The practice of homeopathy gained a strong presence in the United States during the 19th century. At the turn of the 20th century, there were more than 20 schools of homeopathy in the United States, with approximately 14,000 practitioners. As medical science advanced, the practice of homeopathy in the United States declined and included as few as 200 practitioners in the 1970s. However, since then, growing public interest in methods that engender the body's ability to heal itself has boosted an increase in the use of homeopathic medicine in the U.S. at a rate of approximately 20 percent per year. This is consistent with the escalating sale of drugs at Boiron, currently the world leader in production of homeopathic products. When Boiron USA was founded in 1983, the company shipped an average of 25 orders per day. Today the firm ships some 1,000 orders a day.

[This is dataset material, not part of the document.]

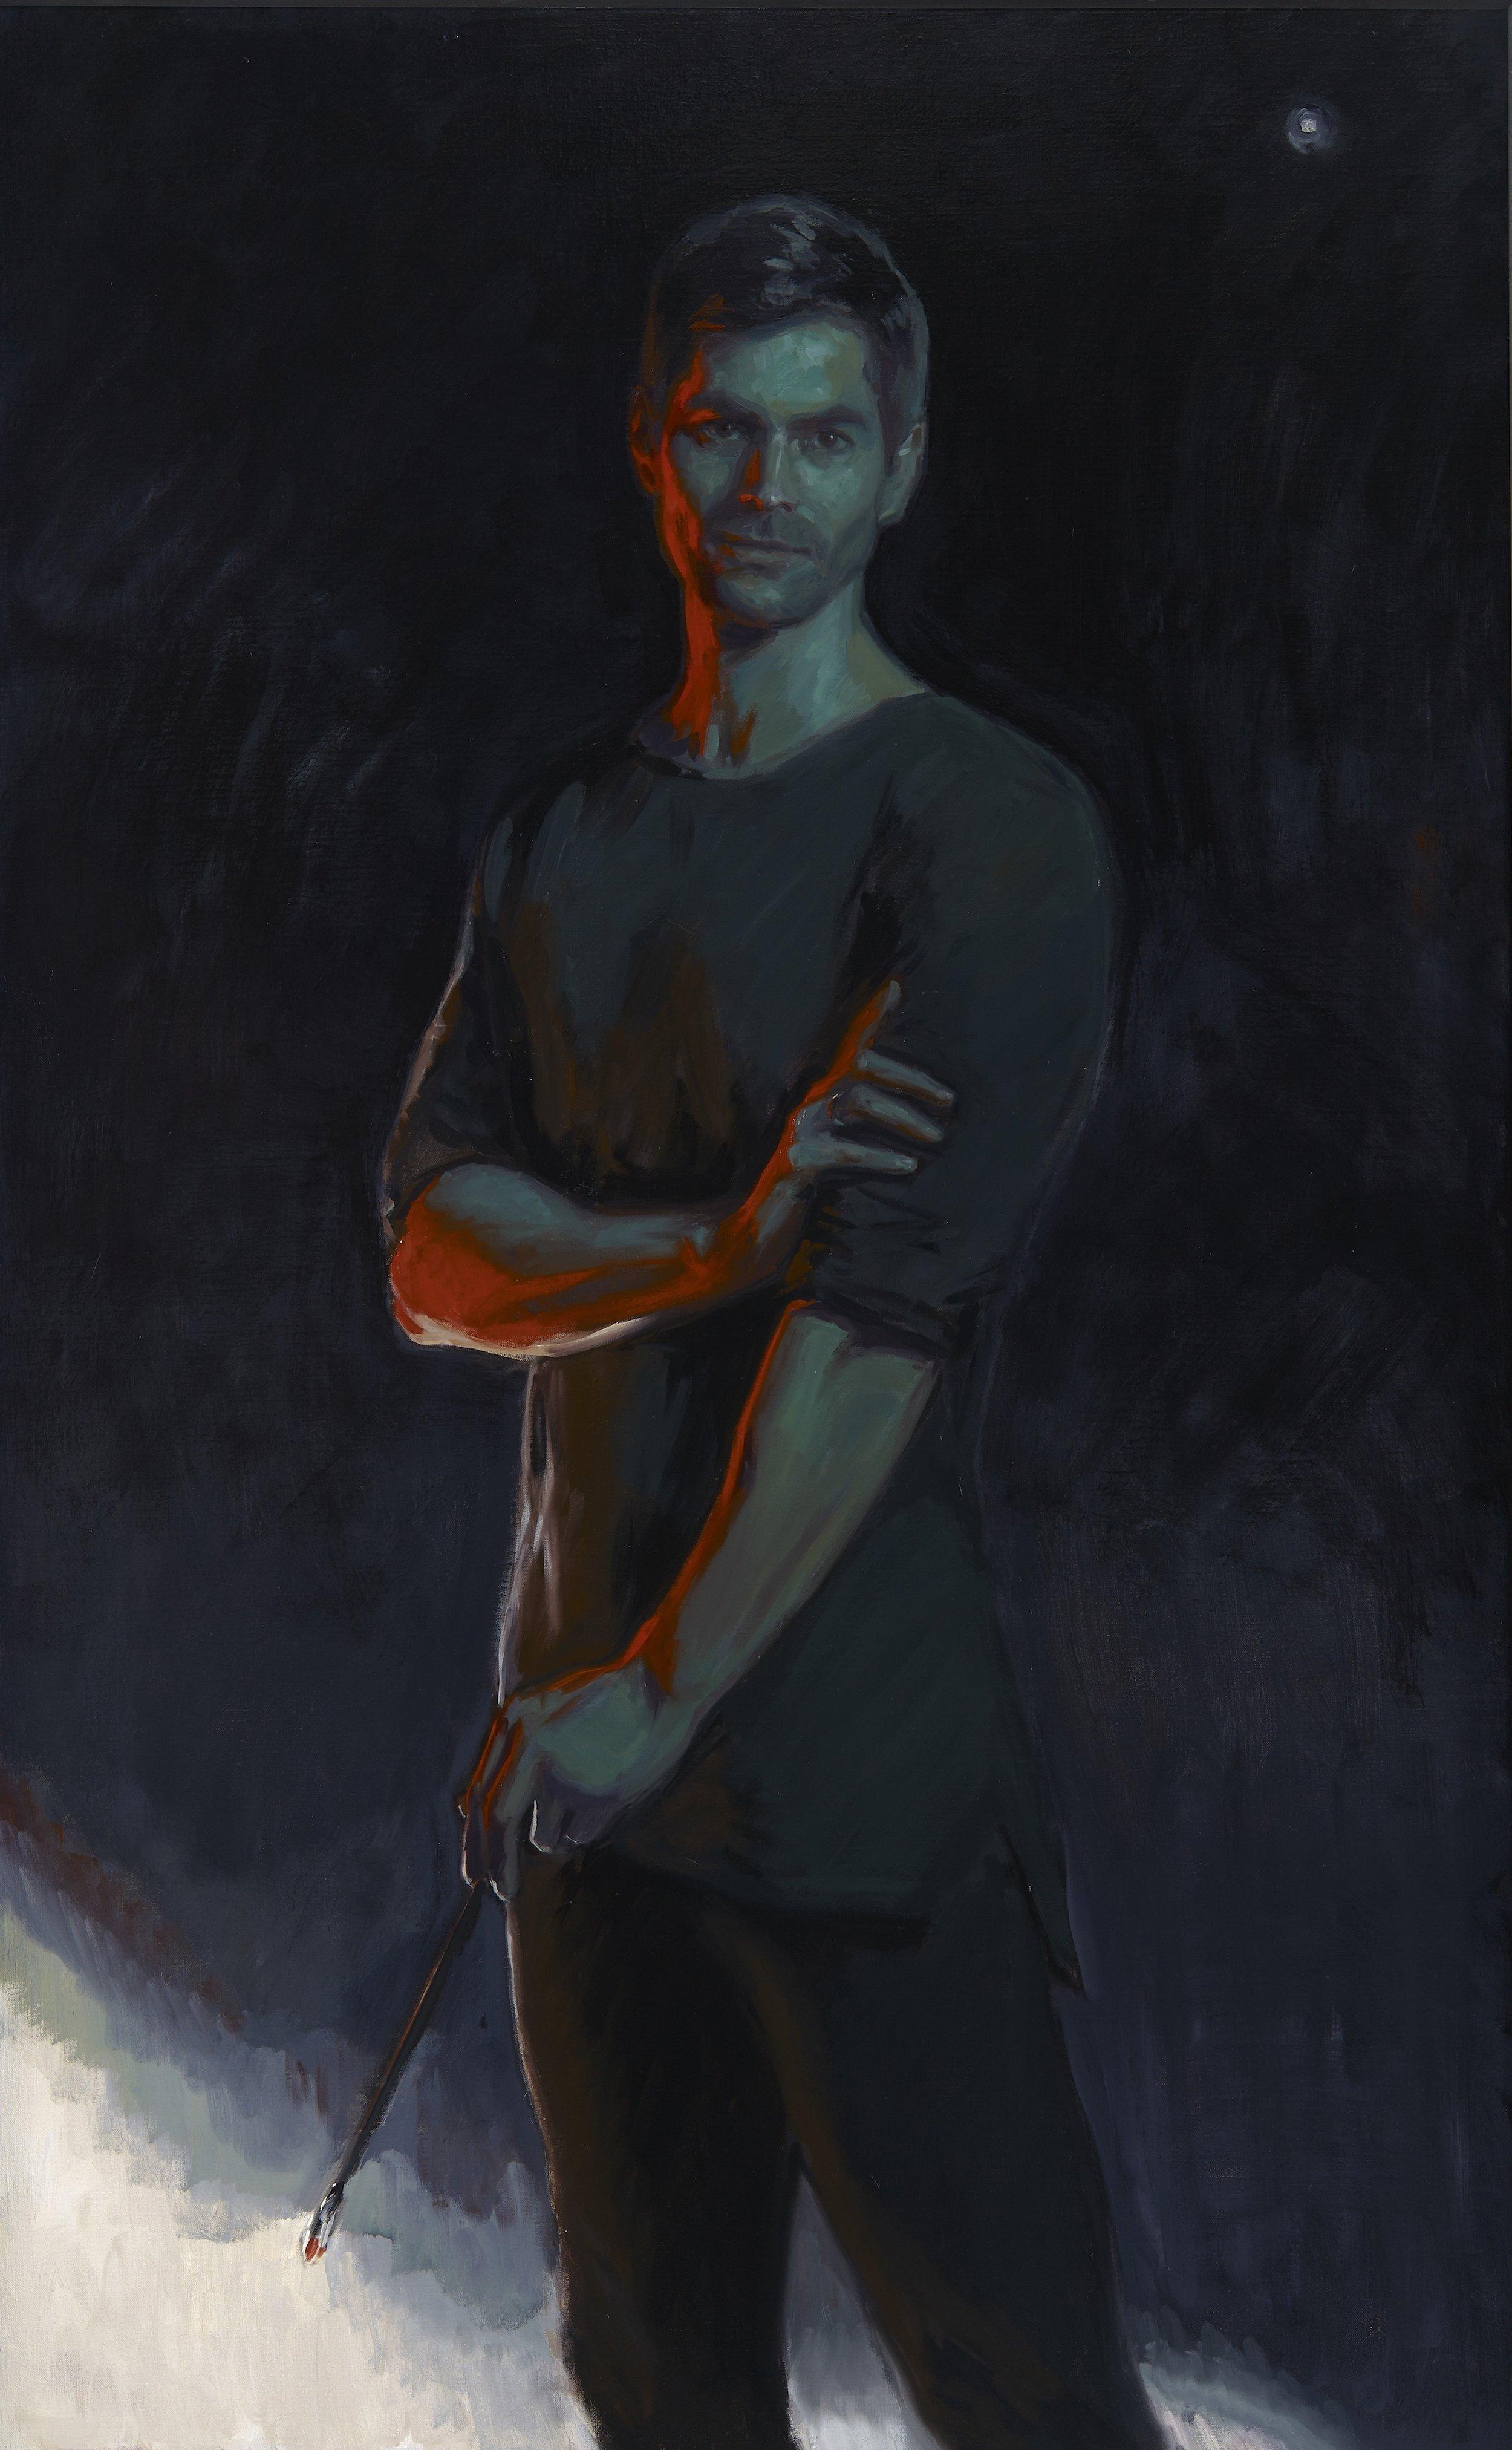 Self-Portrait, Oil on Canvas, 85 x 145cm, 2017

'MOTHER TINCTURE' Homeopathic medicines are derived from three sources: plants, animals and minerals. Source material is macerated in 70 percent alcohol and filtered to produce the mother tincture. This mother tincture is diluted in a 1:99 ratio with solvent and shaken 150 times, resulting in a 10-2 dilution. The procedure is repeated with successive dilutions until the therapeutic concentration is achieved. Dose frequency is based on stimulation of the body to heal itself, rather than maintenance of the active moiety concentration in the blood. Acute care requires multiple doses per day whereas treatments for chronic disease are administered once a week. Because of the high dilution, you cannot overdose. As Dr. Boyer puts it, "the dose is the same for an infant or a sumo wrestler."

POST-SURGICAL DROPLETS Dr. Boyer eagerly shares examples of homeopathic medicines that he considers to be especially relevant to facial and plastic surgery.

Arnica montana, a plant-derived medicine considered to be a vascular protector at homeopathic doses, significantly reduces post-operative ecchymosis in facial plastic surgery (Seeley et al. 2006). Dr. Boyer assured interested surgeons at the AAFRPS meeting that arnica taken internally has no reported side effects, notably no effect on coagulation.

Calendula officinalis , derived from the garden marigold, is valued for its antiseptic and healing properties notes Dr. Boyer. Applied externally, calendula is indicated for wounds, dermabrasion, laser resurfacing, peeling, glycolic acid treatments, scars and rash. It is the most frequent treatment used in burn wards in France, Dr. Boyer says. Calendula was also found to be highly effective in the prevention of acute dermatitis (grade 2 or higher) in patients who had been surgically treated for breast cancer and received post-operative radiation therapy (Pommier et al. 2004).